(Given data Opens)
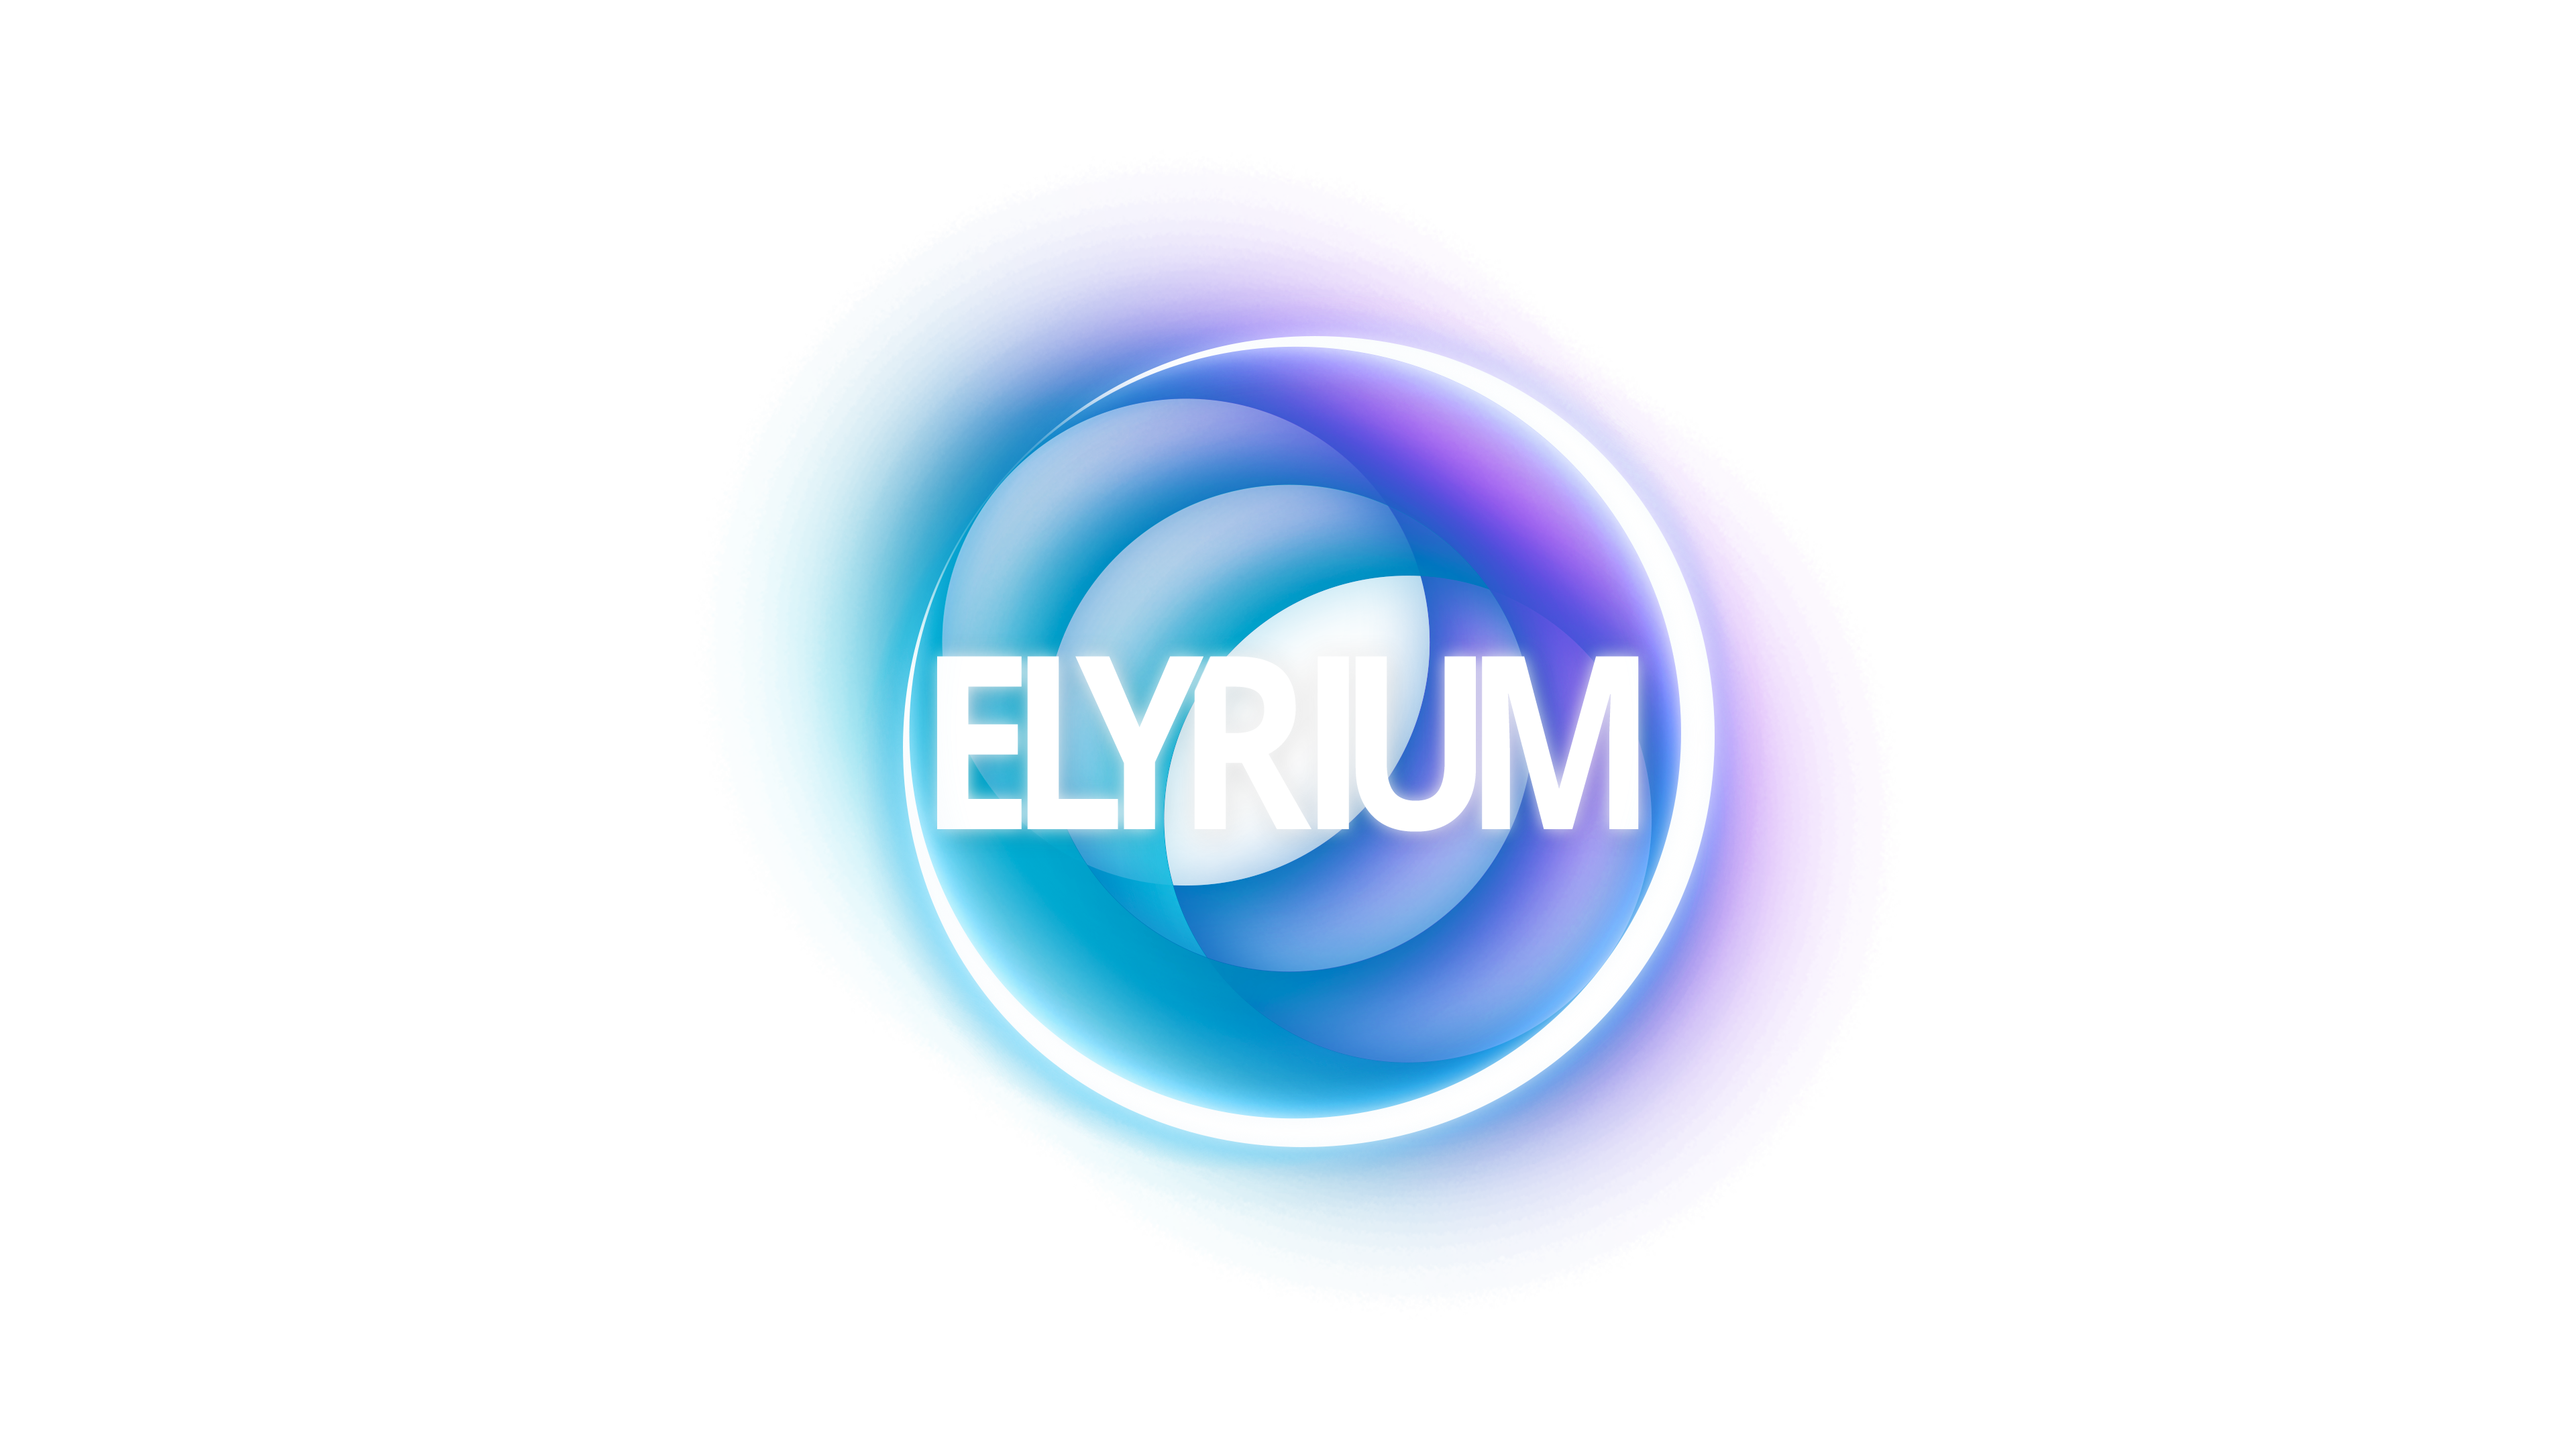 Elyrium Studios
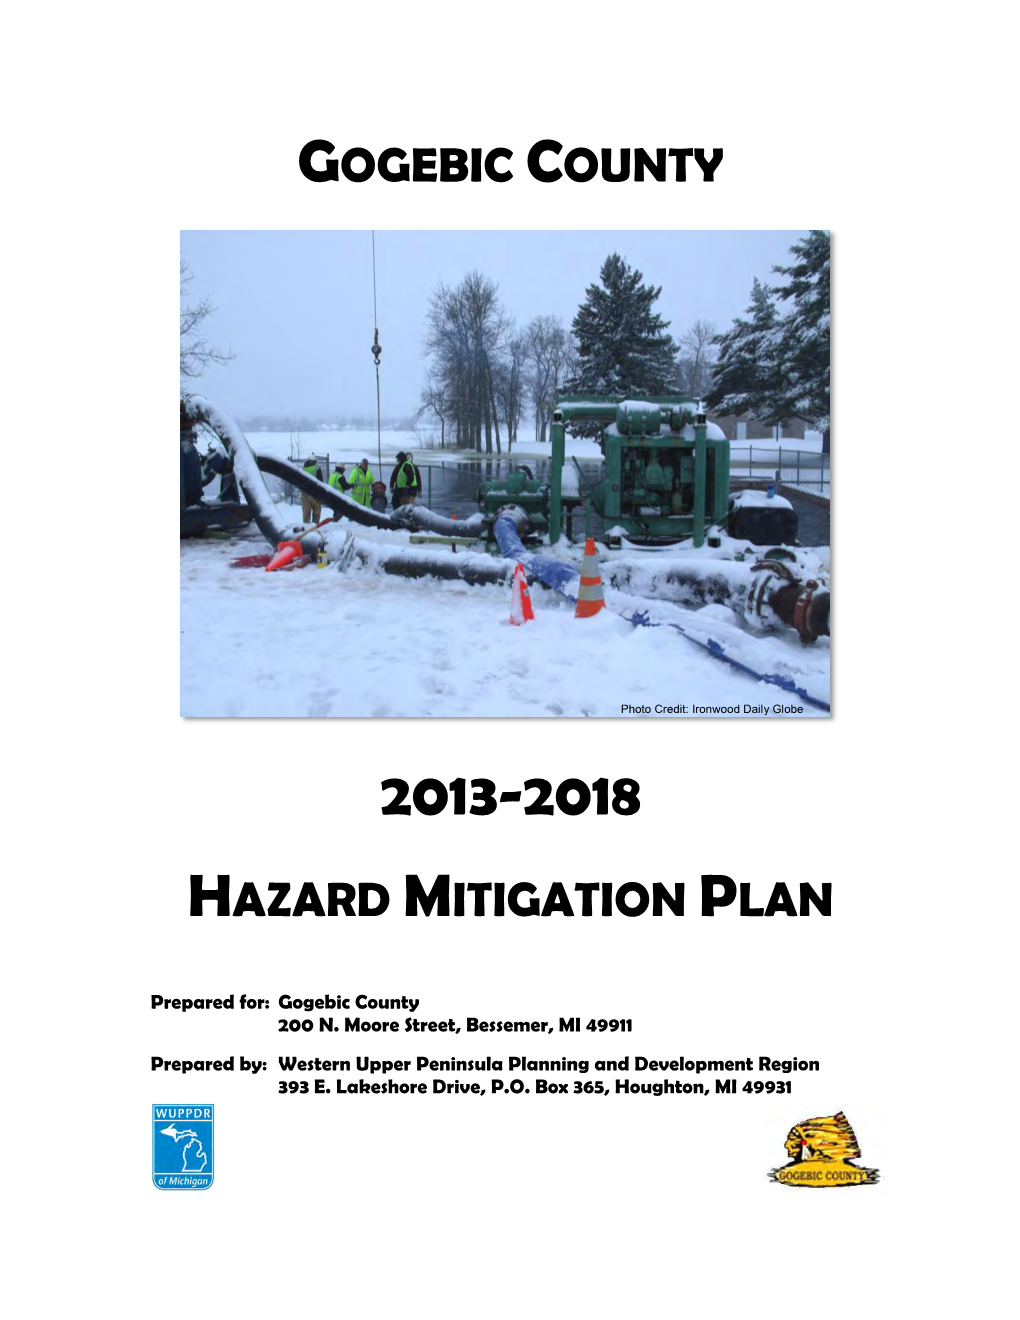 Gogebic County Hazard Mitigation Plan
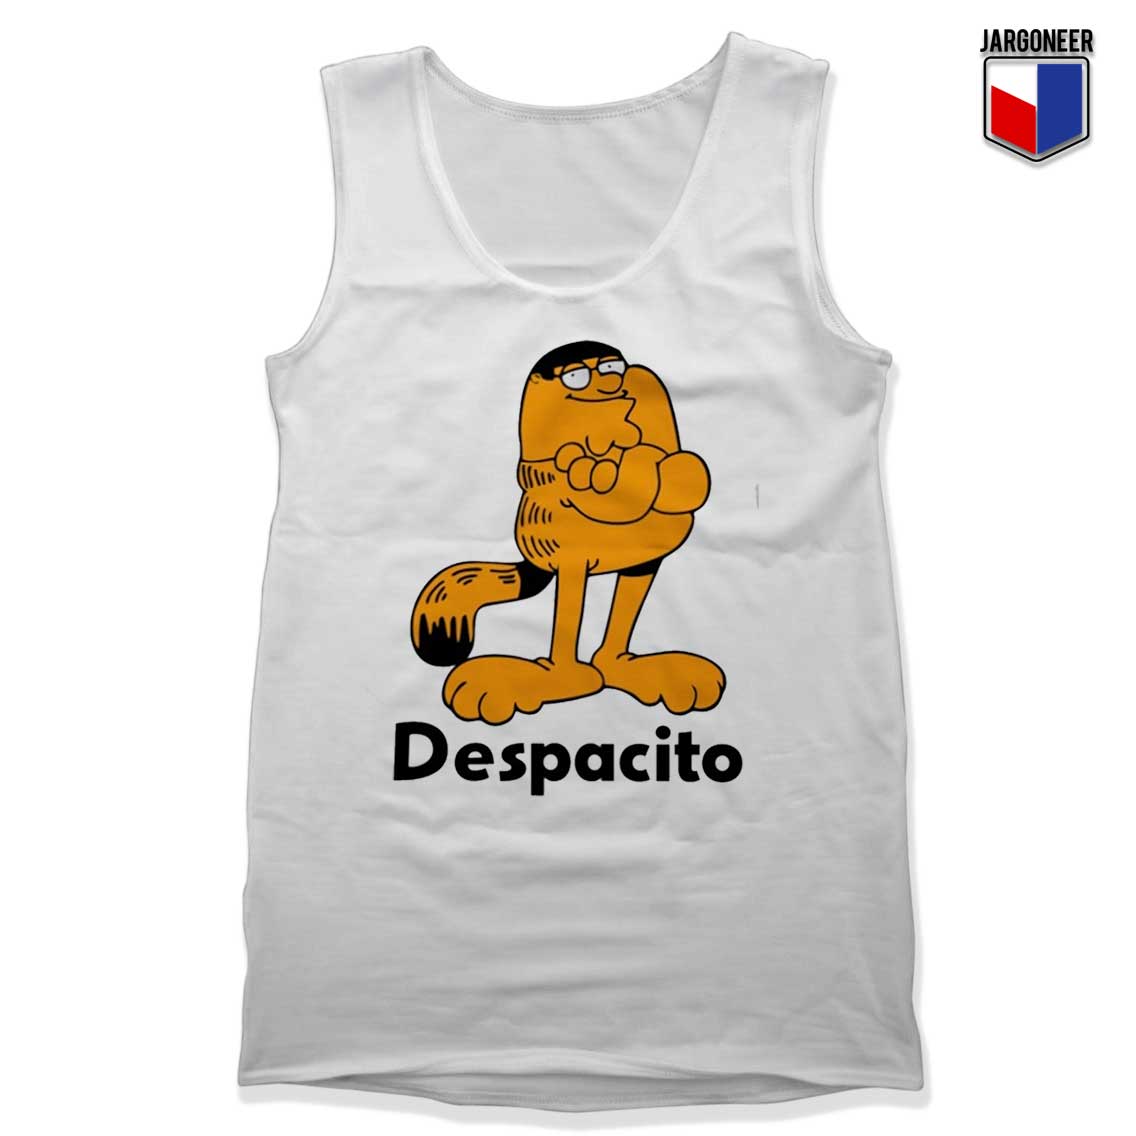 Buy Now Garfield Despacito Tank Top
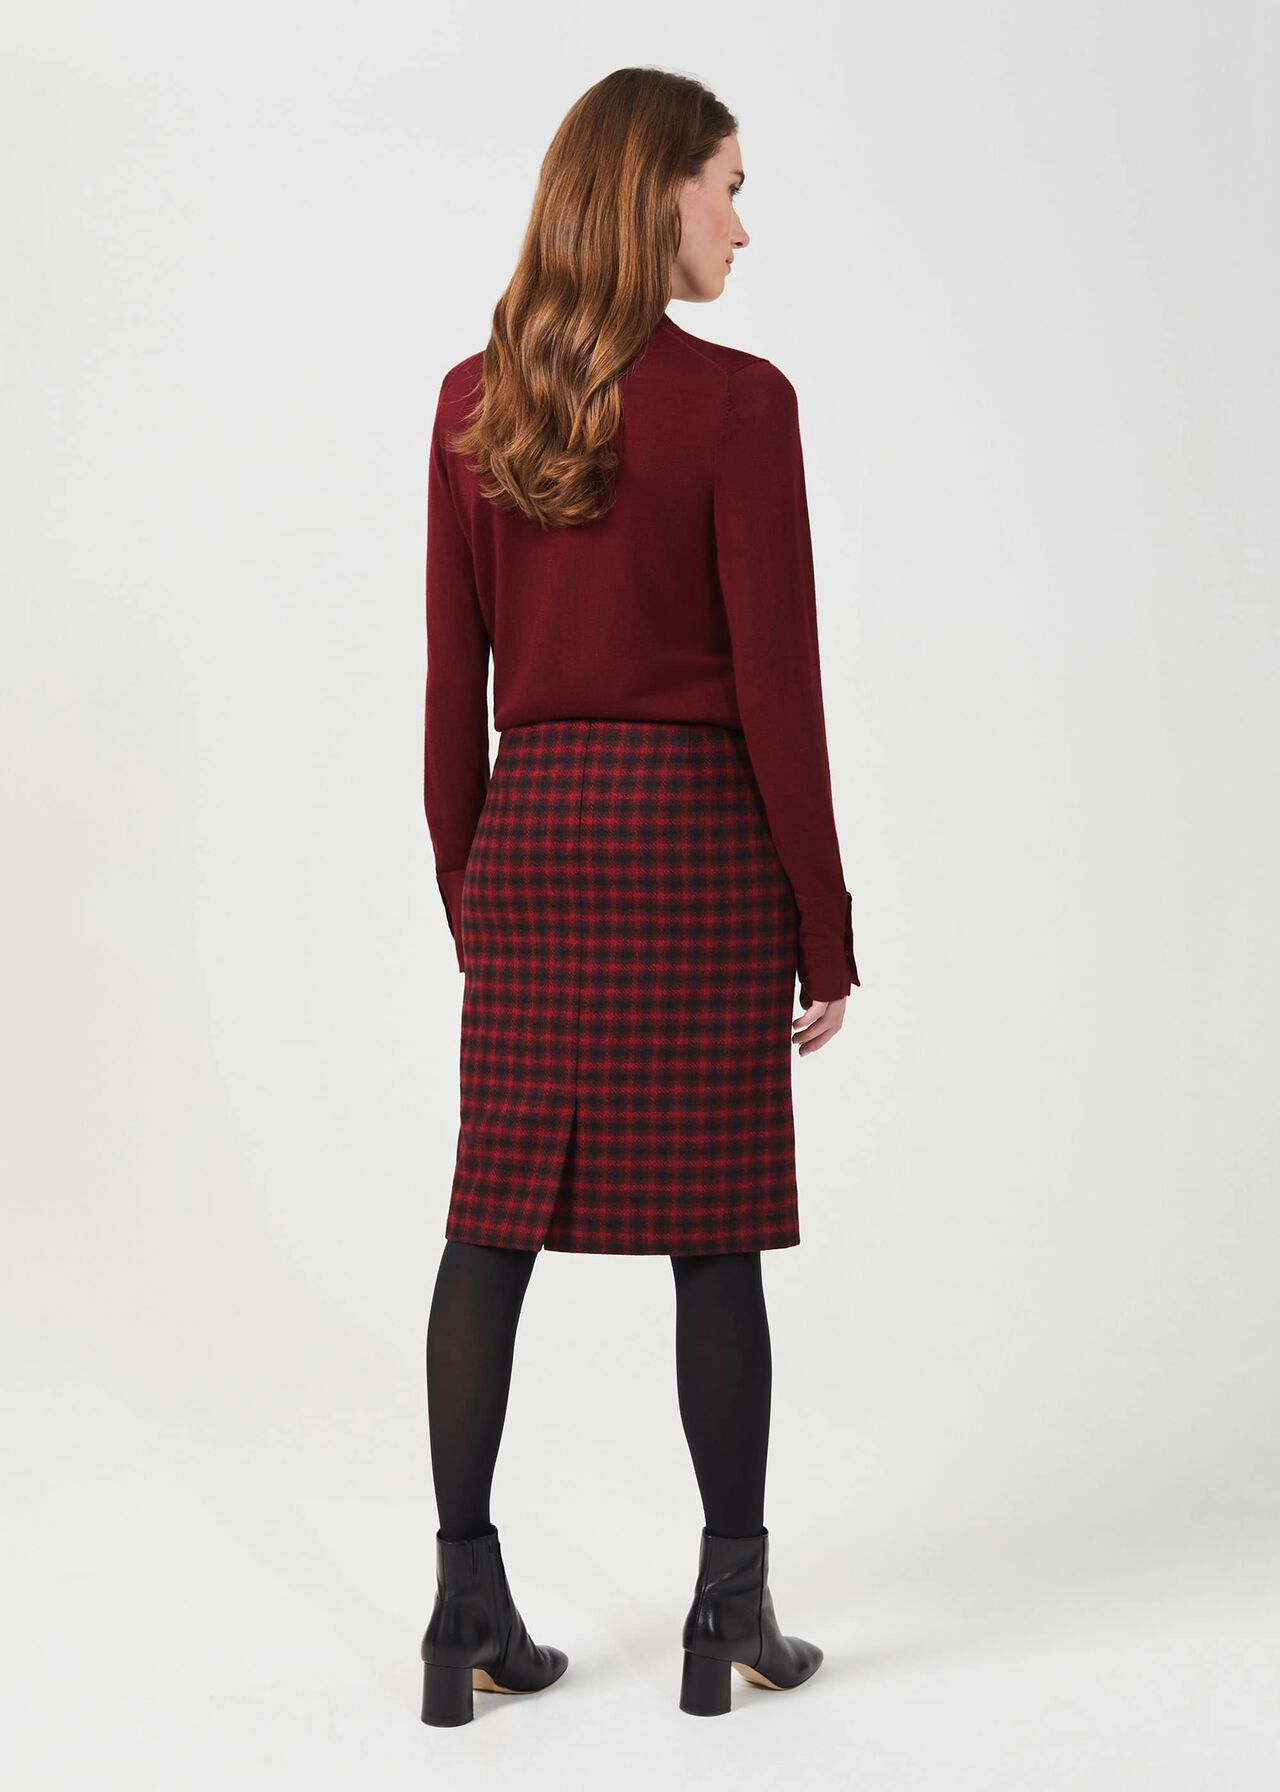 Daphne Skirt, Red Black, hi-res
(Given data Closes)
■ **Work order**
Everything from the line that contains "Buy Now Garfield Despacito Tank Top" through the final line of the material should be returned exactly, except the pictures.

■ **Output of the exercise**
 Buy Now Garfield Despacito Tank Top
 Daphne Skirt, Red Black, hi-res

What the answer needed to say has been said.